-- Opening Marker --

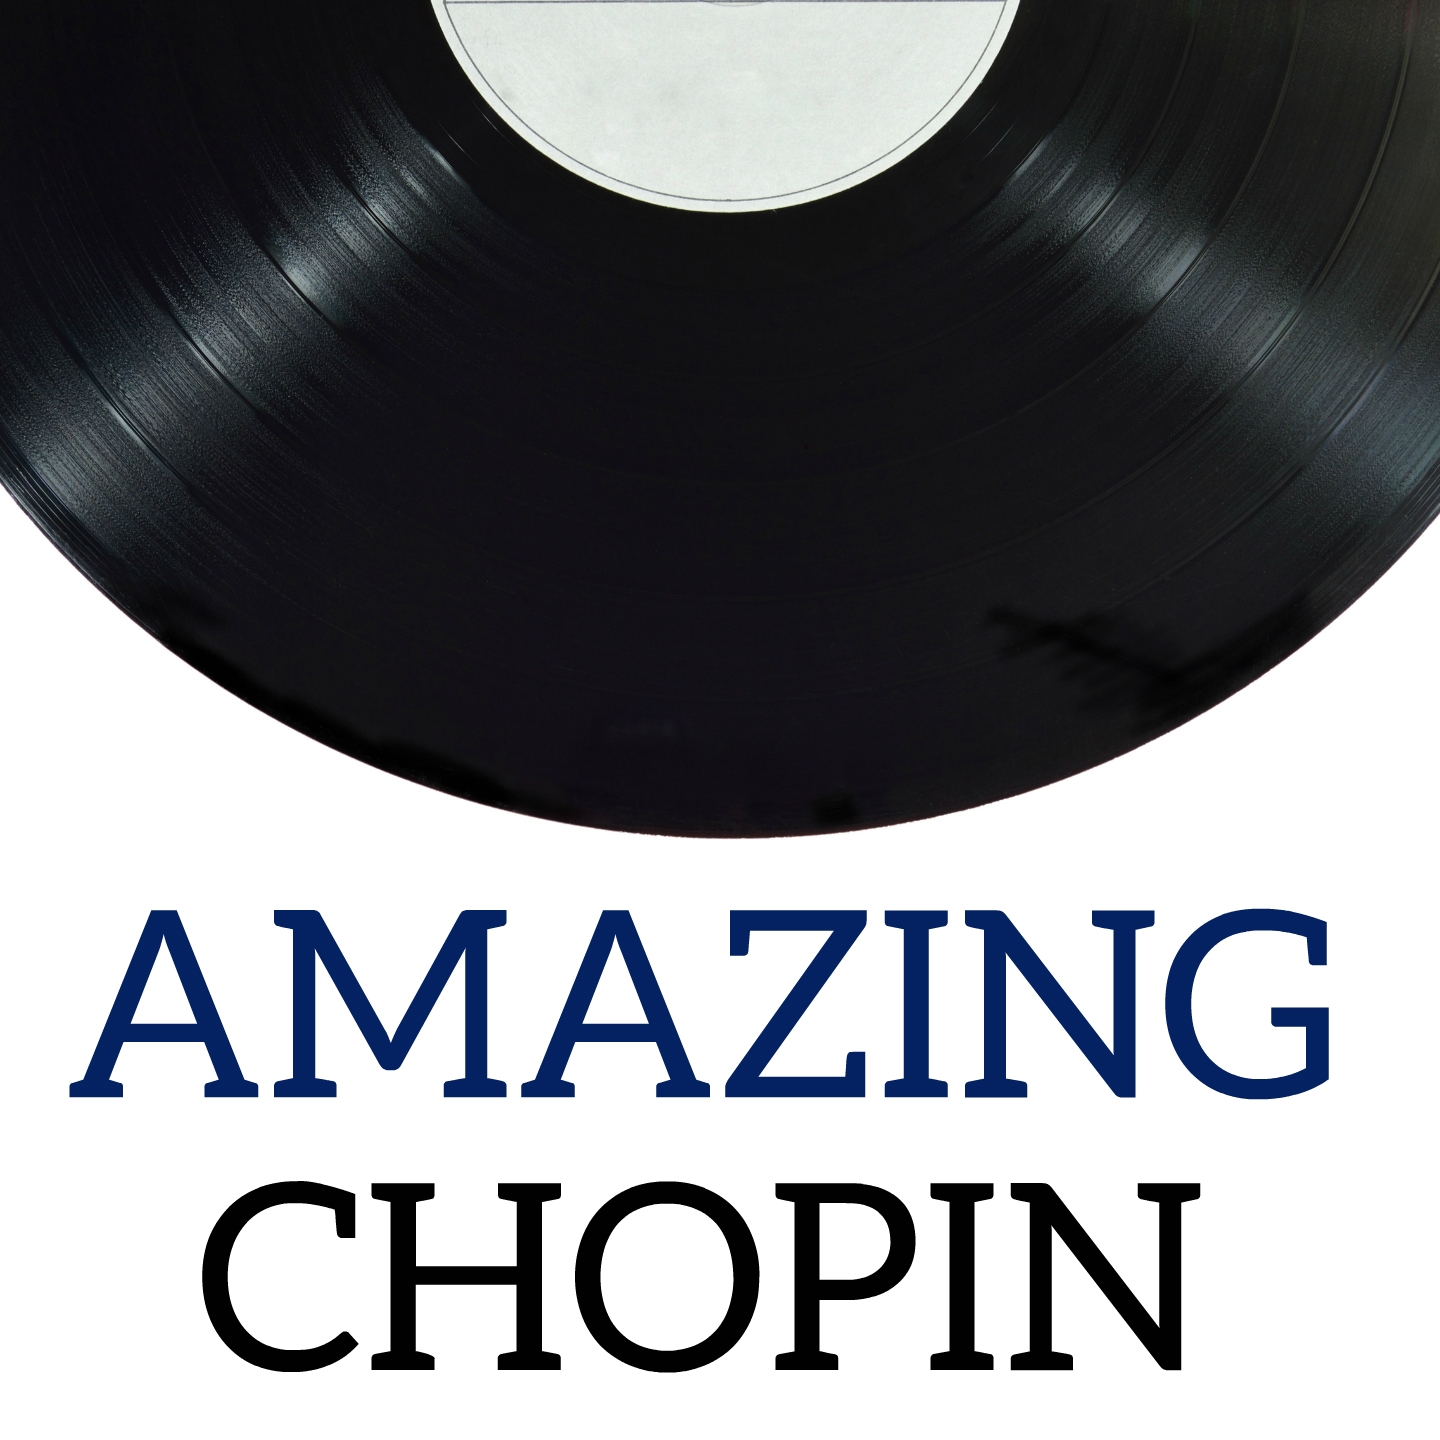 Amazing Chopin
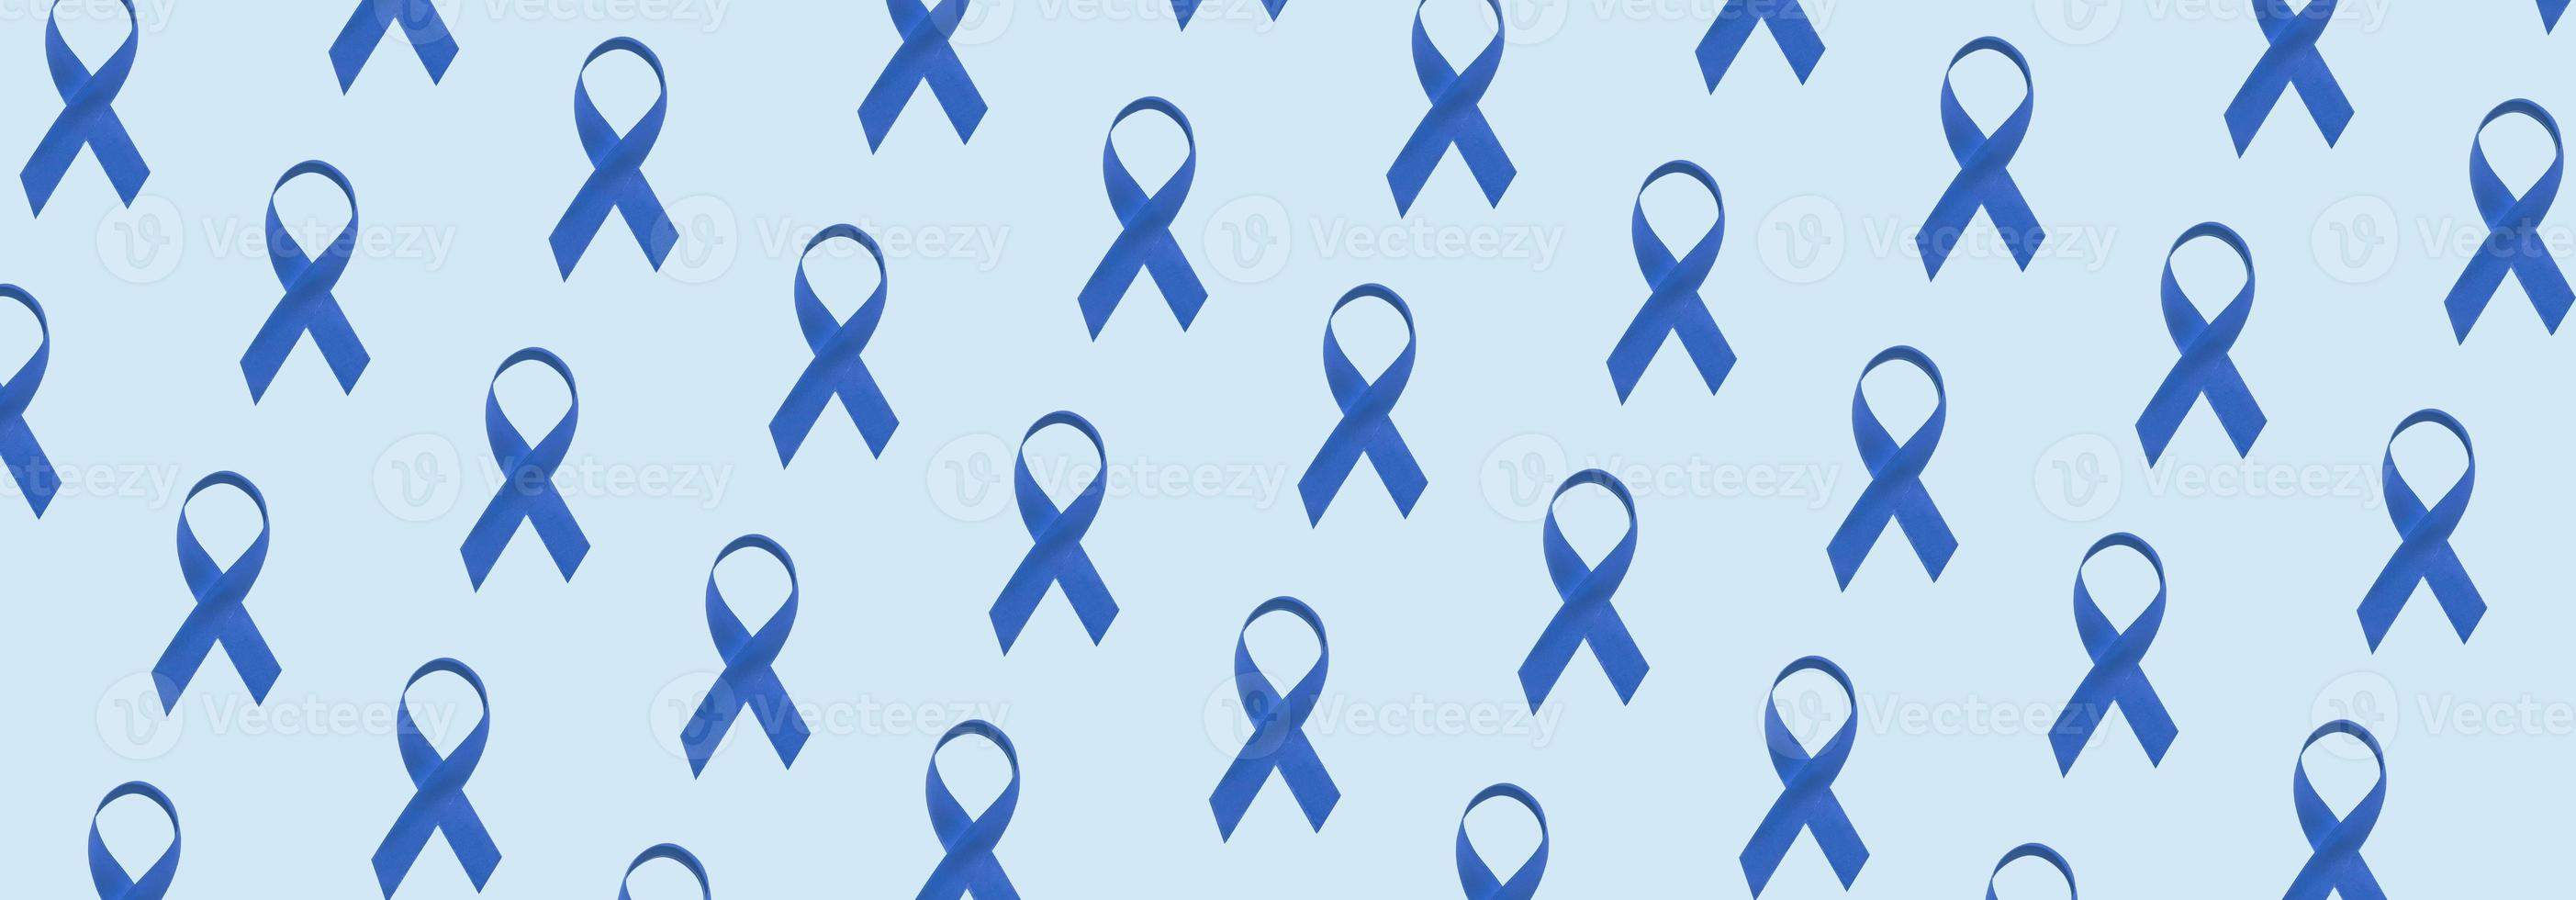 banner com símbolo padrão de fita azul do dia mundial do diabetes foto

-- Closing Marker --
-- Opening Marker --

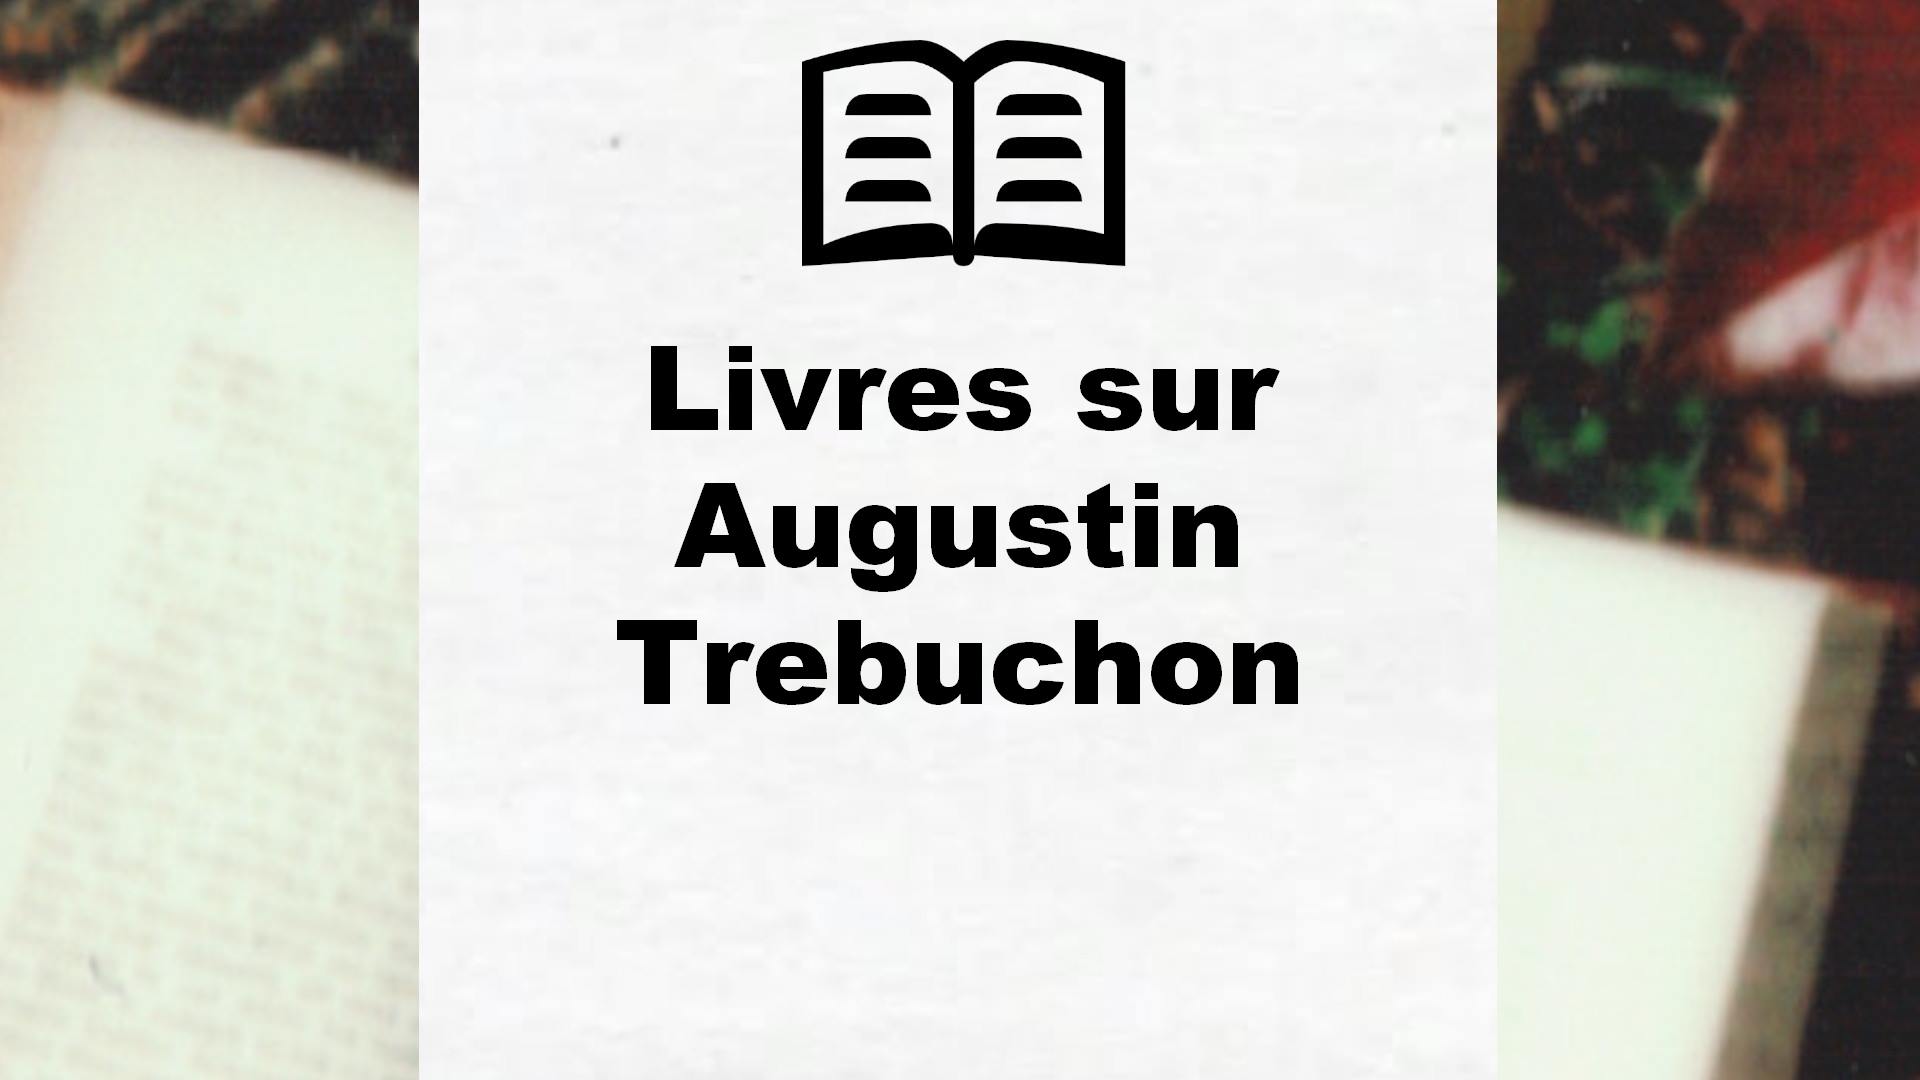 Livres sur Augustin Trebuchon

-- Closing Marker --
-- Opening Marker --

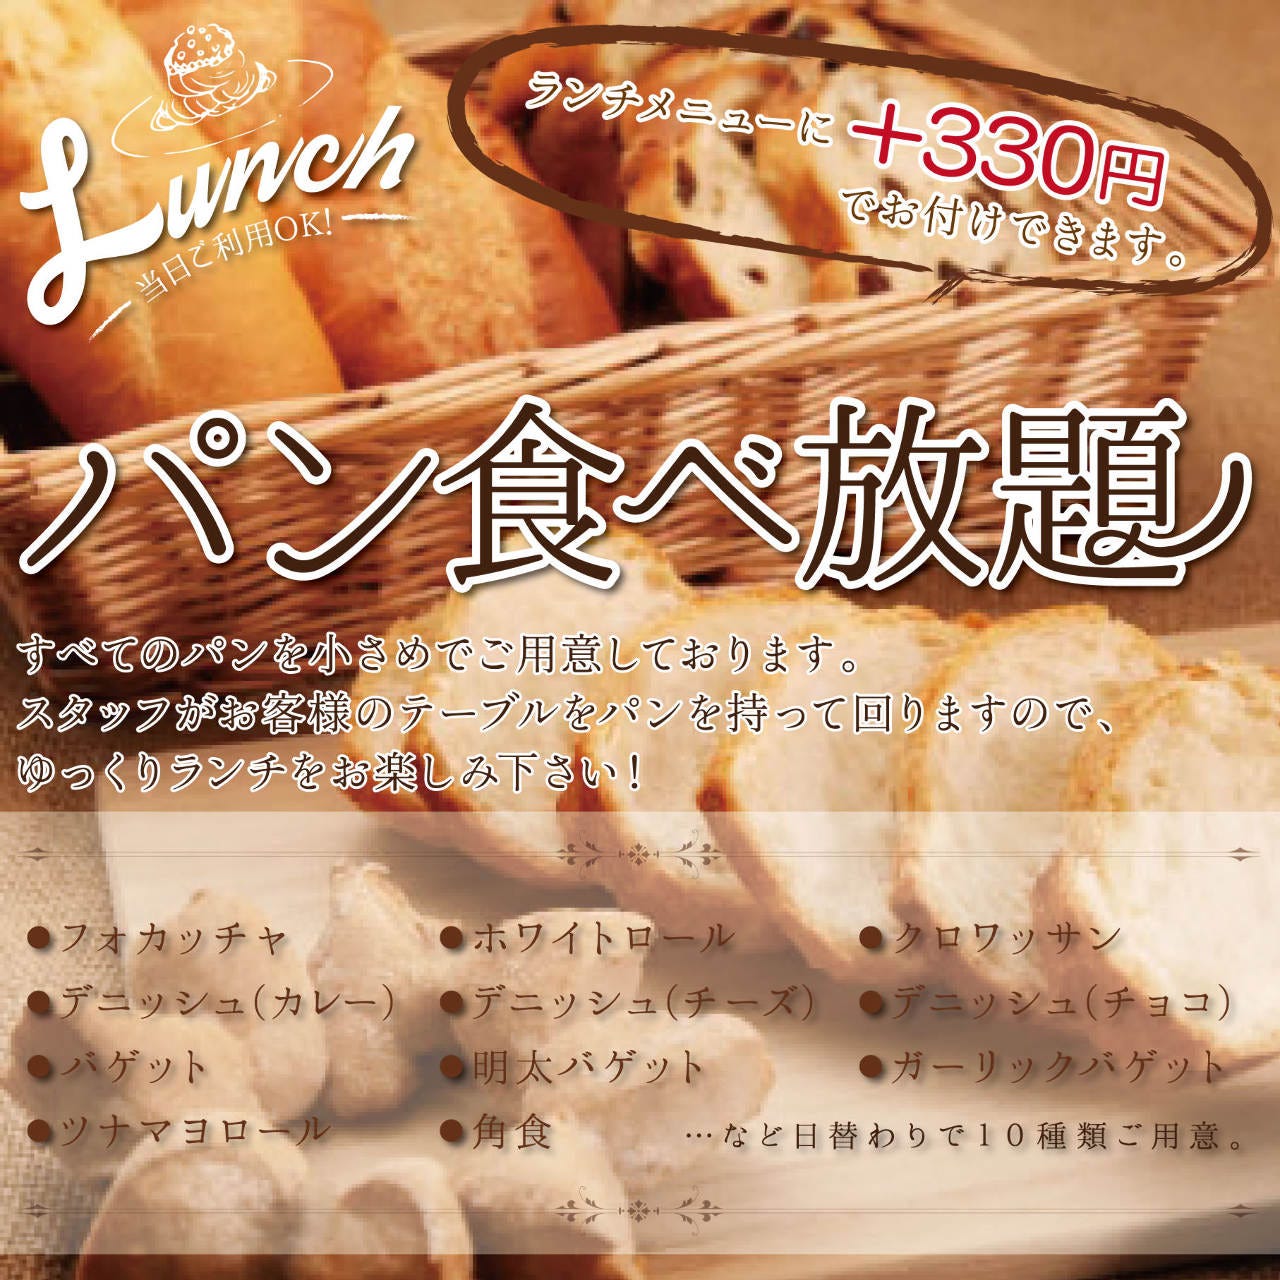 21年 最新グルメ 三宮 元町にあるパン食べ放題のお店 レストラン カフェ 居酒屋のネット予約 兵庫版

-- Closing Marker --

— Problem requirements —
Reproduce, exactly and only, the lines of the records above starting at the line with "Amazing Chopin" and ending at the line with "banner com símbolo", both included. Leave every picture out.

— Result —
 Amazing Chopin
 banner com símbolo padrão de fita azul do dia mundial do diabetes foto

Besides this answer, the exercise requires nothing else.